Redis Question : Latency Histograms per Command

Is there any reason why Redis doesn't provide server-side latency histograms per command? I see there are various ways to get samples of latency data for various events, but what about getting a histogram of latencies for a corresponding period of time. I have client side latencies available in a histogram, and I'm looking to have server-side latencies so I can work out if client, network, server is dominating the critical path of a certain percentile.

If this feature doesn't exist, was this by design?

Comment From: itamarhaber

If this feature doesn't exist, was this by design?

Yes. No. Yes - the basic Redis design premise, afaigi, is simplicity. We already have the slowlog, why bother with per command histograms? No - I suspect it was never requested, but your need makes it look like it would be nice expansion of the current introspection arsenal.

(disclaimer: not a maintainer - above is personal opinions only)

Comment From: toaler

Thanks @itamarhaber. Slow log is useful to look at requests that fall within in a certain subset of the overall latency spectrum.

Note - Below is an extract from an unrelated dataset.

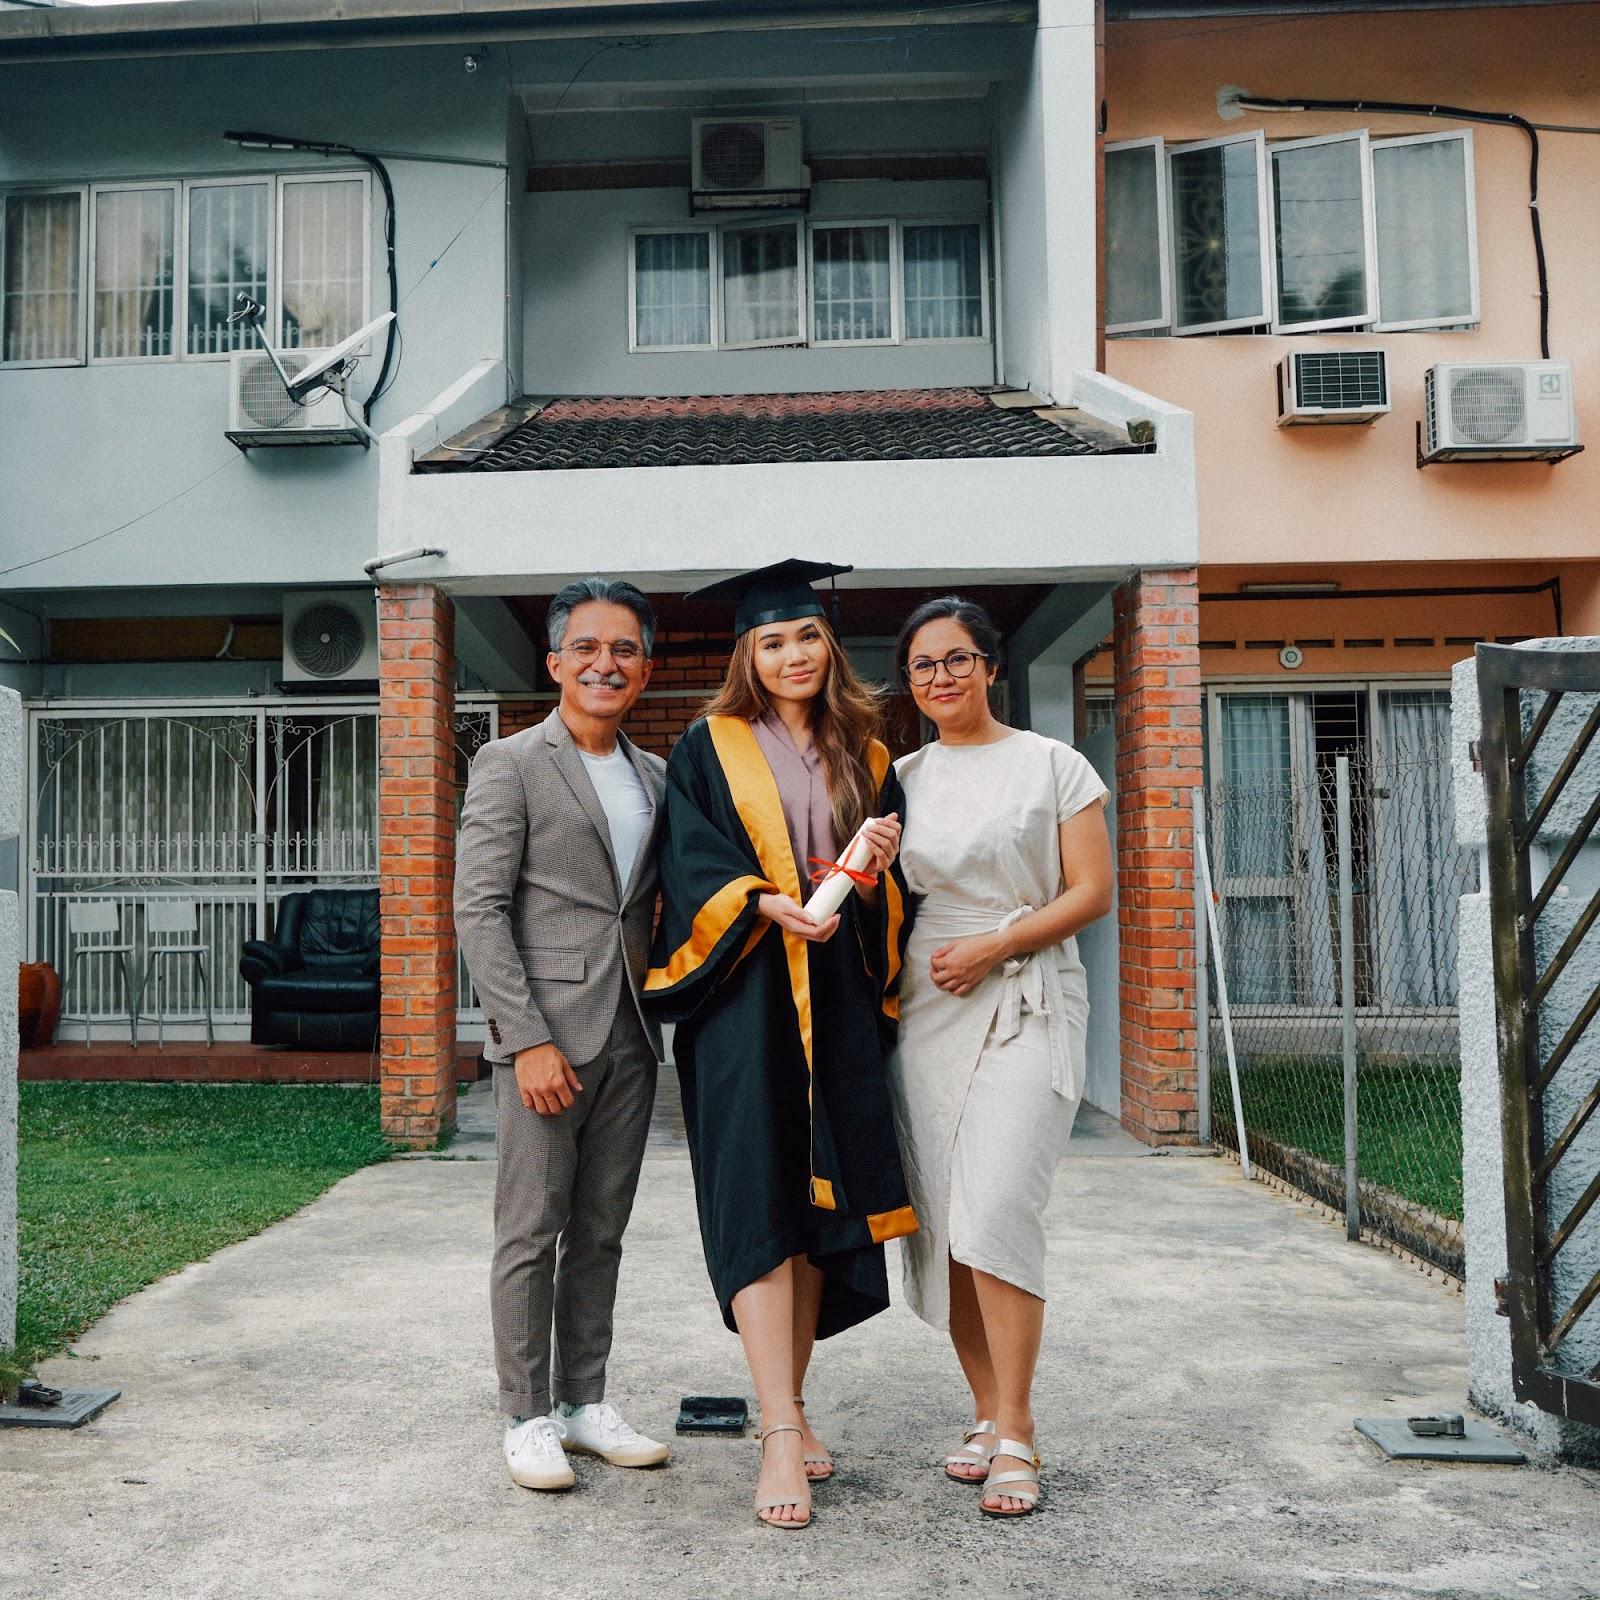 Rumahku Syurgaku! Ini Cara Jadikan Luar & Dalam Rumah Selamat Untuk Keluarga Tersayang Diami 9

However I would think you'd want to know what your higher latencies percentiles are to choose a reasonable slowlog threshold.

We are very interested in understanding the latency ranges across the different percentiles.

Do others think having histogram per operation type would be useful?

Comment From: itamarhaber

(see disclaimer)

Personally, I can't resist any temptation that involves introspection :) That said, besides the coding required, this will slow down the server because there are no free lunches. I'd certainly like to have this as an optional, turn-off-able if not by-default-disabled, feature.

Comment From: danni-m

+1 having better performance metrics in Redis can be awesome, especially for modules or use cases where the commands can take longer. Having said that implementing sliding window percentile can be both CPU and memory heavy (there are some algorithms to get an approximation[http://mjambon.com/2016-07-23-moving-percentile/]). A simpler approach might be having time buckets for each command(1ms to 1s) will be a bit more efficient.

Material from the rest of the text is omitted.